WHAT TO PRODUCE >> Everything in the data that follows should be given again verbatim, except the images.
###
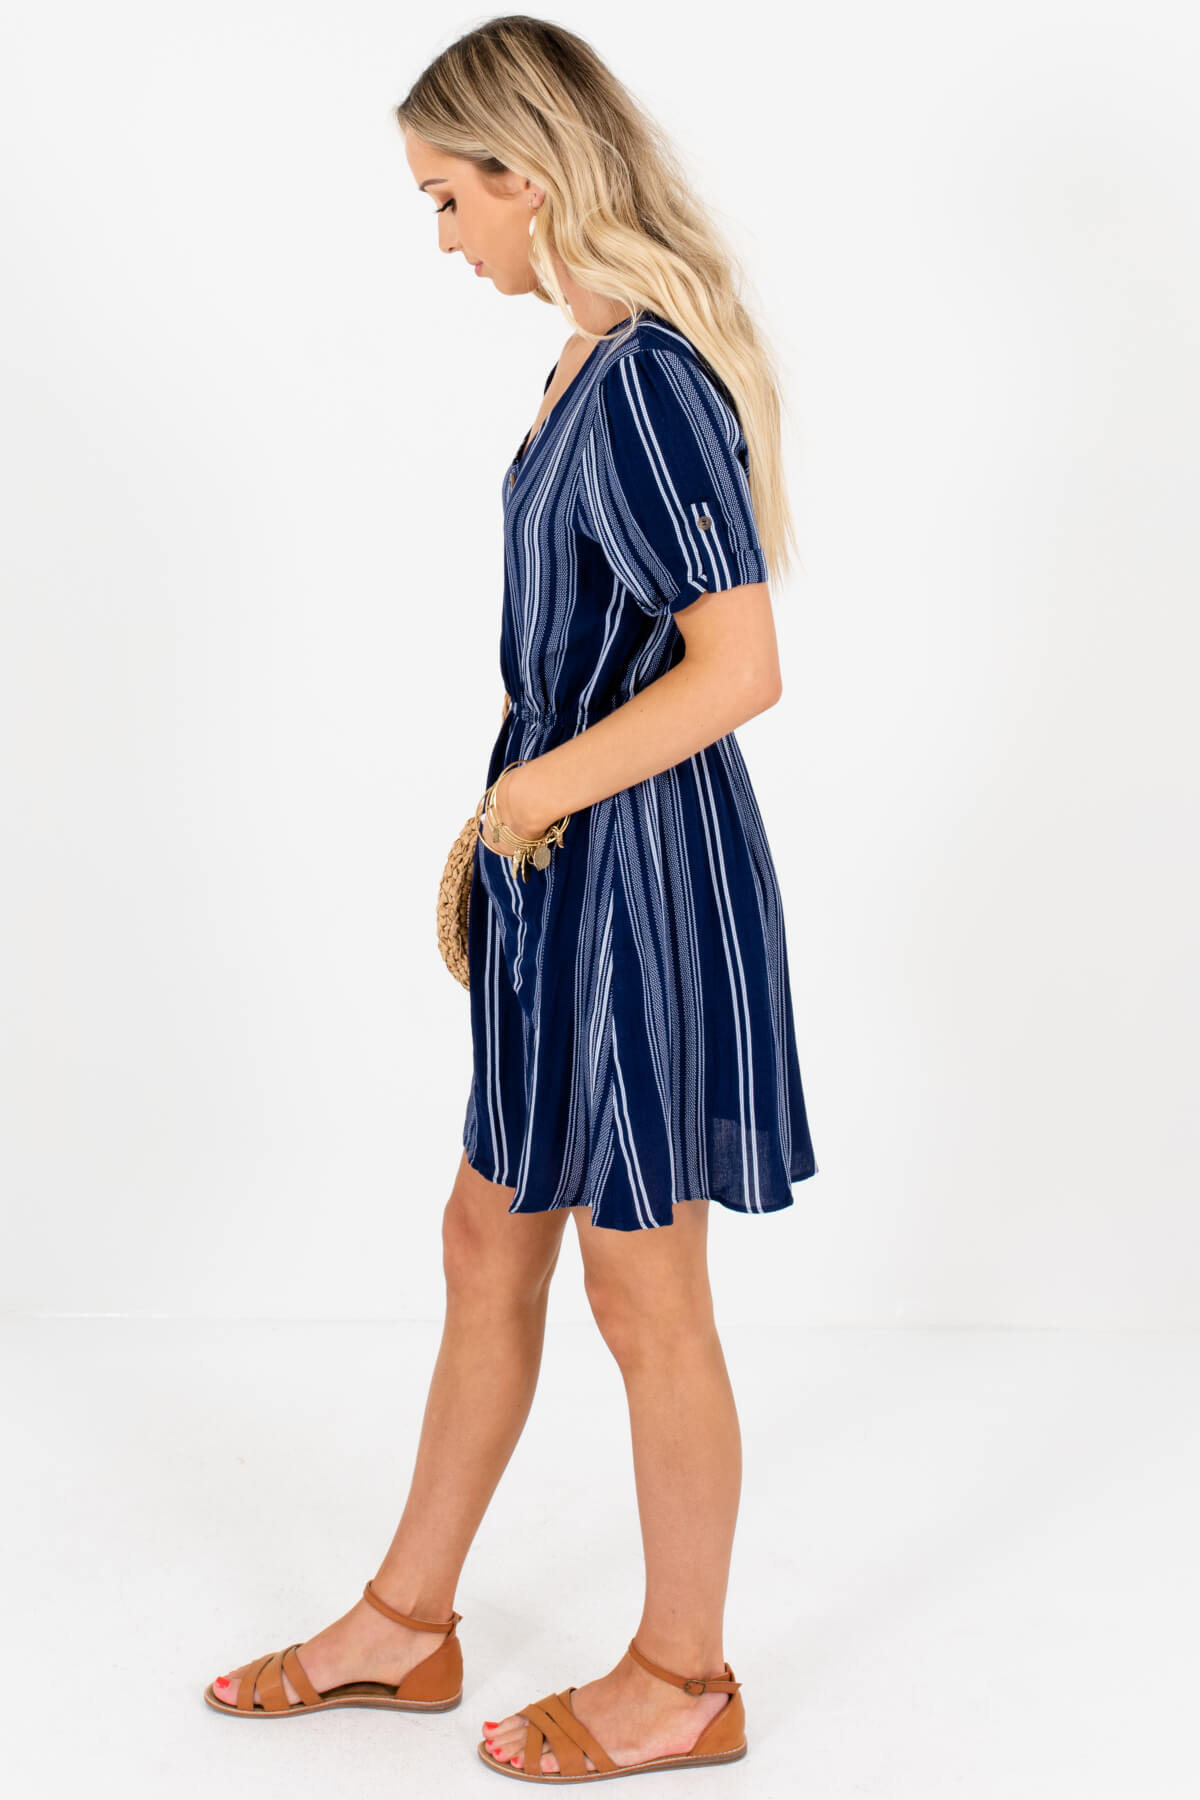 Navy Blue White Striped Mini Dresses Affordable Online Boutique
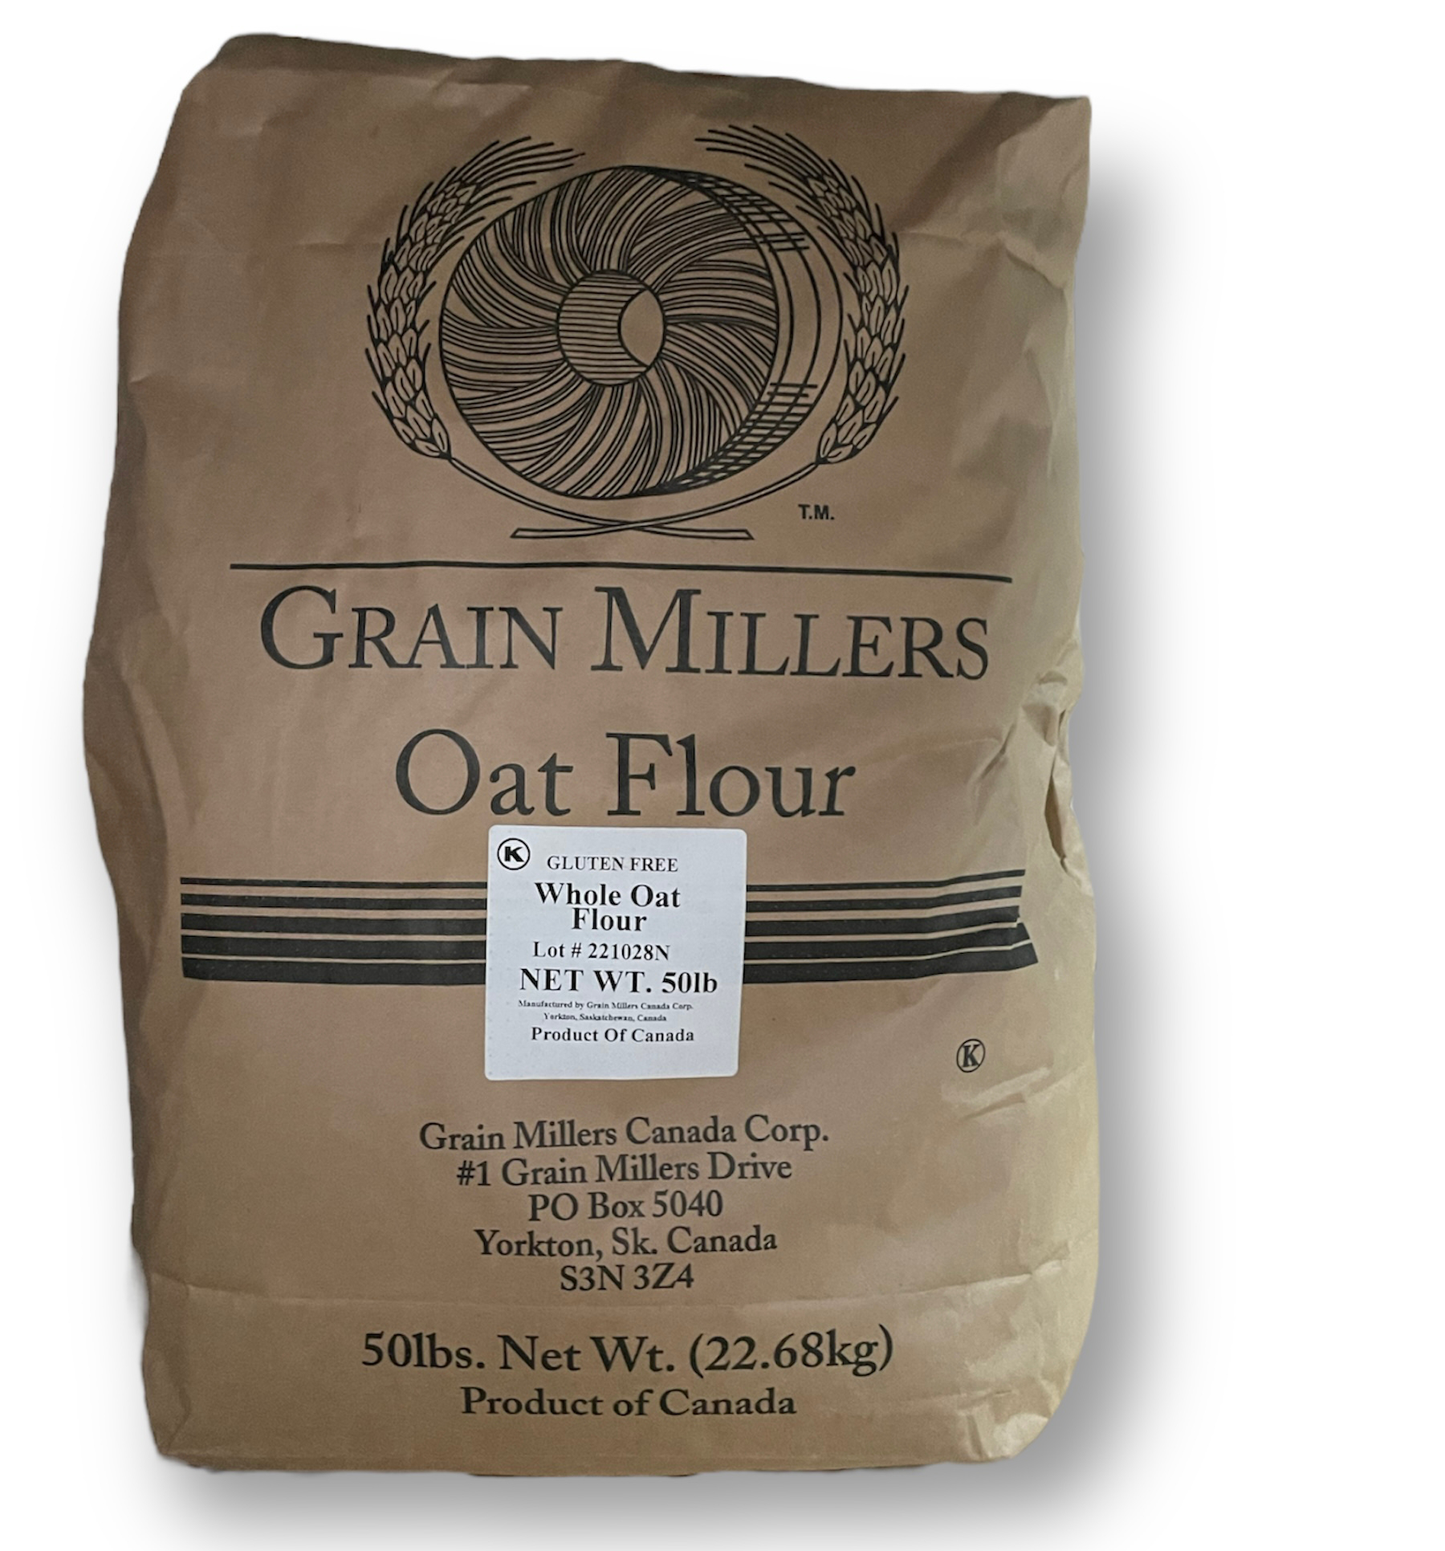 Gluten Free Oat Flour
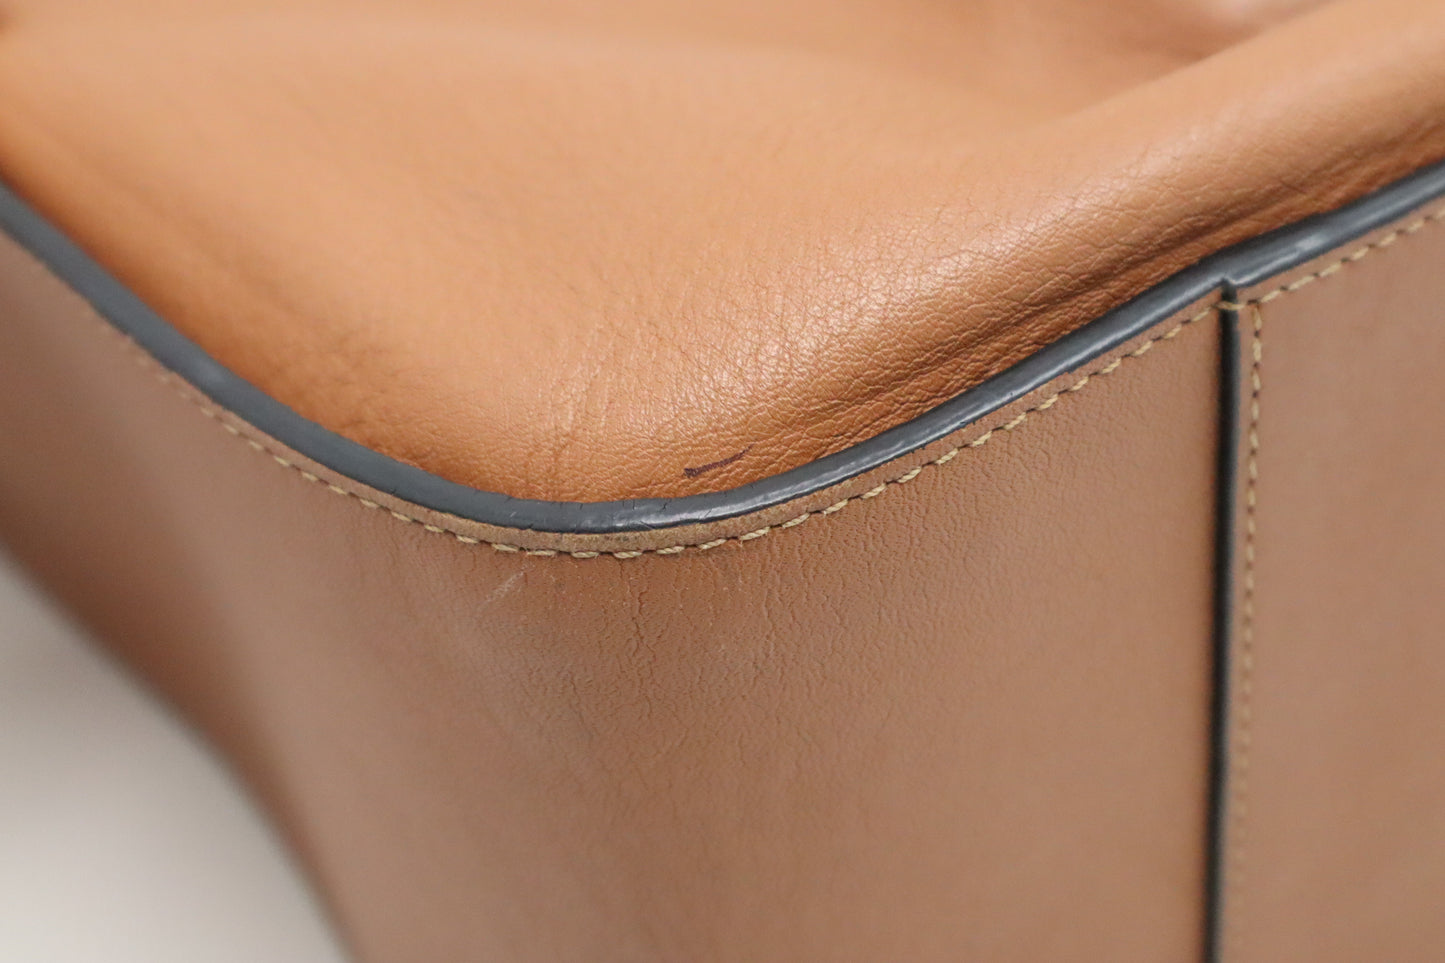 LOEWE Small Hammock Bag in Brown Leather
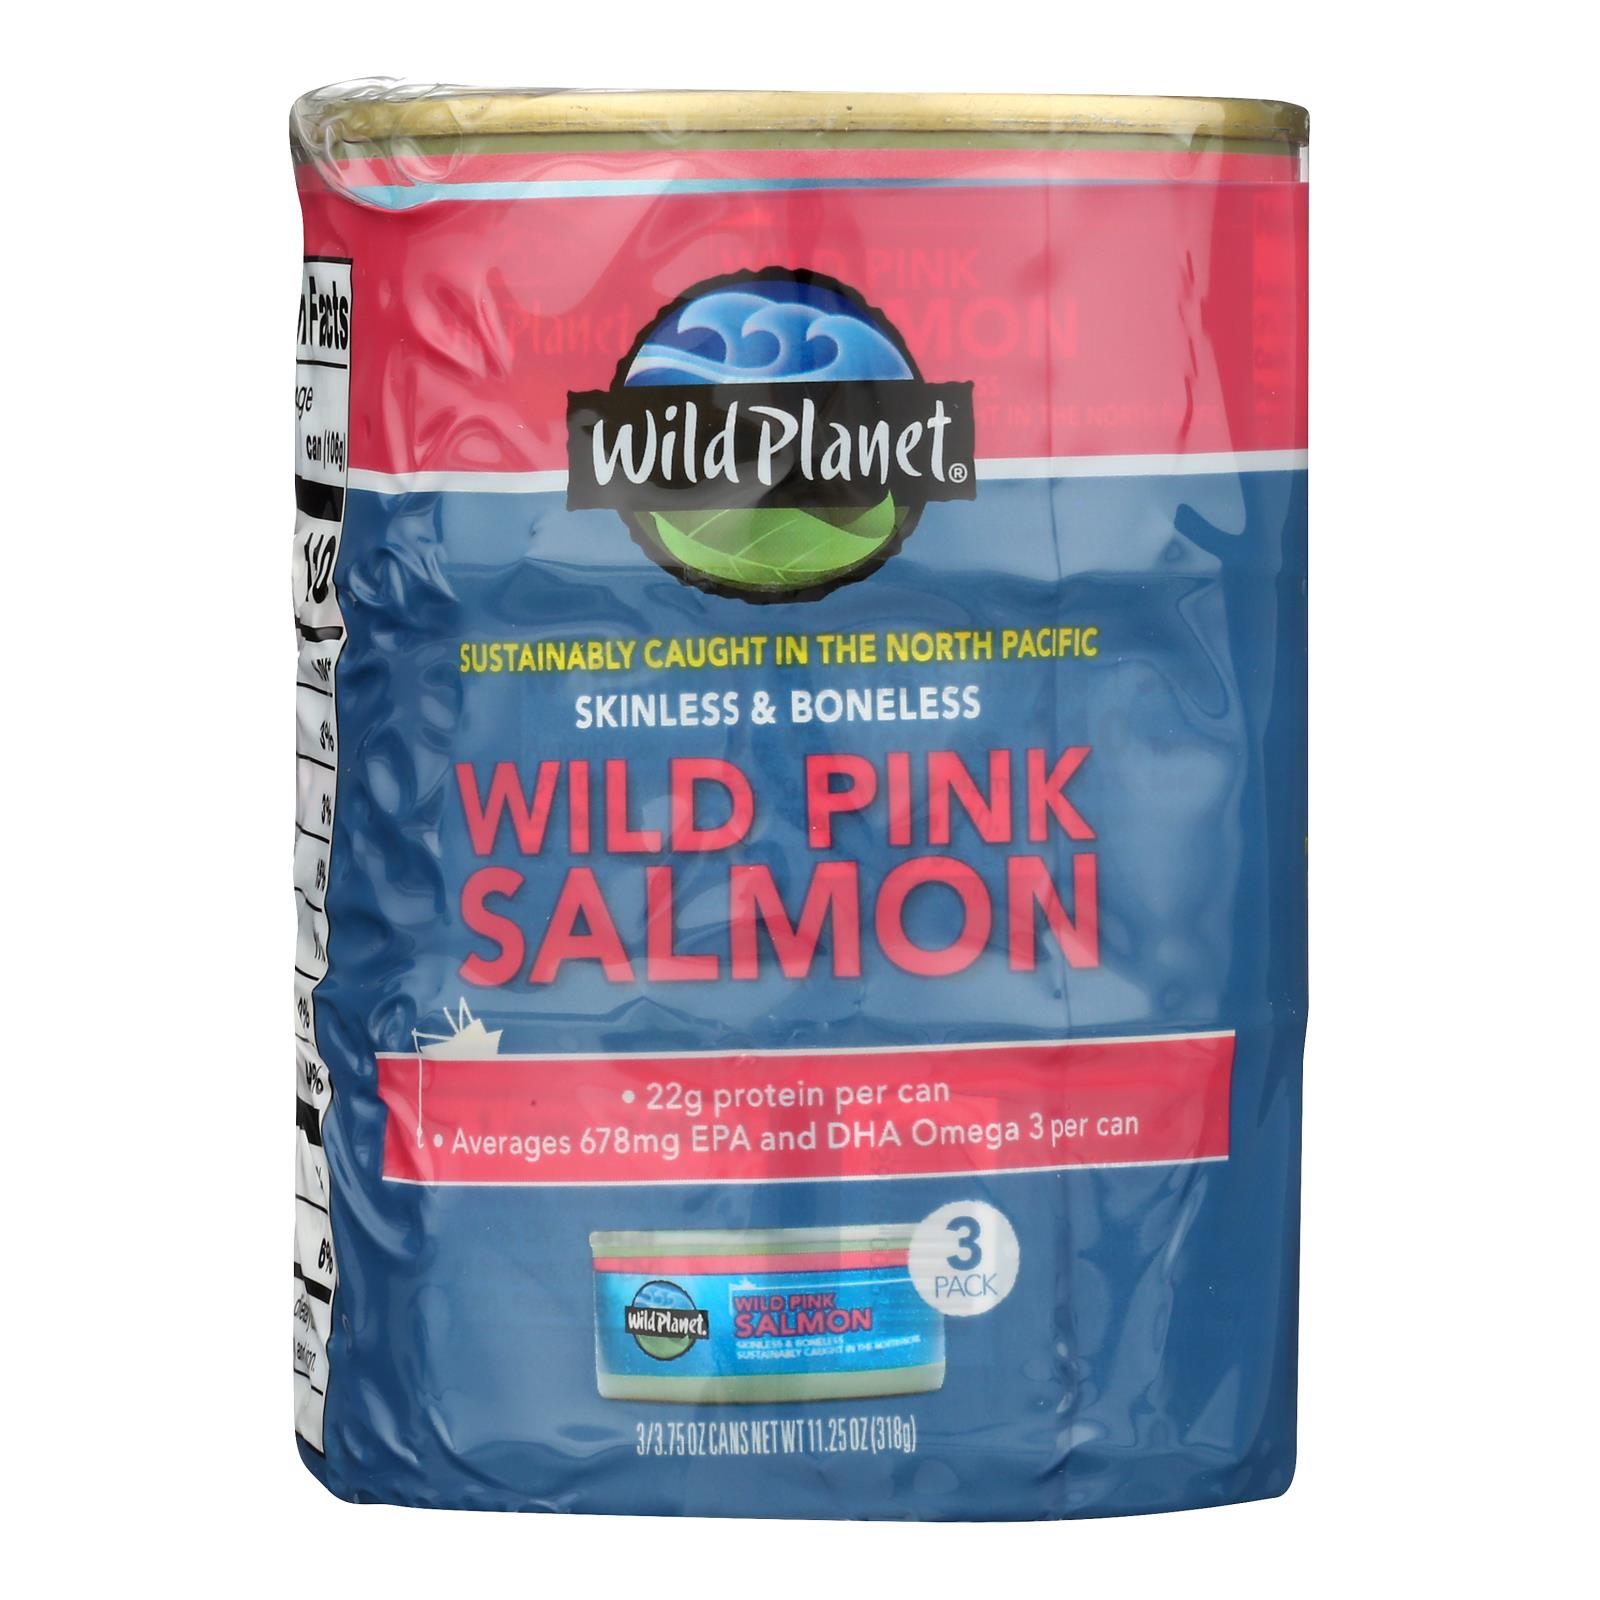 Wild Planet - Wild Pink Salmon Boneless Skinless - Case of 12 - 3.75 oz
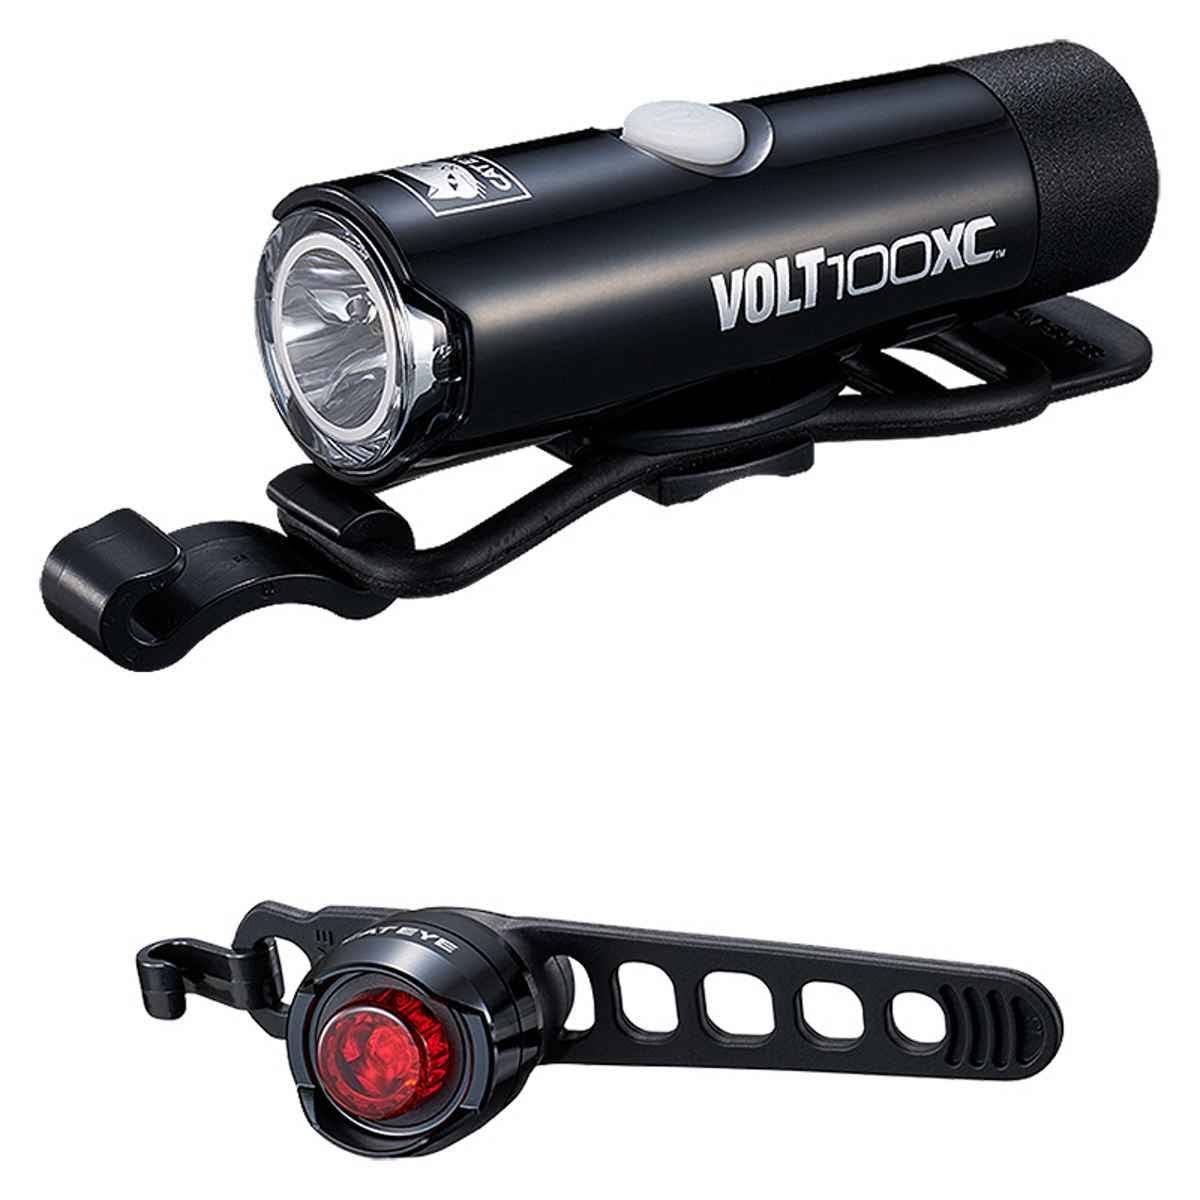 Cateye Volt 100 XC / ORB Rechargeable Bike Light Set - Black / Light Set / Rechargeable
###
EXERCISE OUTPUT >>
 Navy Blue White Striped Mini Dresses Affordable Online Boutique
 Gluten Free Oat Flour
 LOEWE Small Hammock Bag in Brown Leather
 Wild Planet - Wild Pink Salmon Boneless Skinless - Case of 12 - 3.75 oz
 Cateye Volt 100 XC / ORB Rechargeable Bike Light Set - Black / Light Set / Rechargeable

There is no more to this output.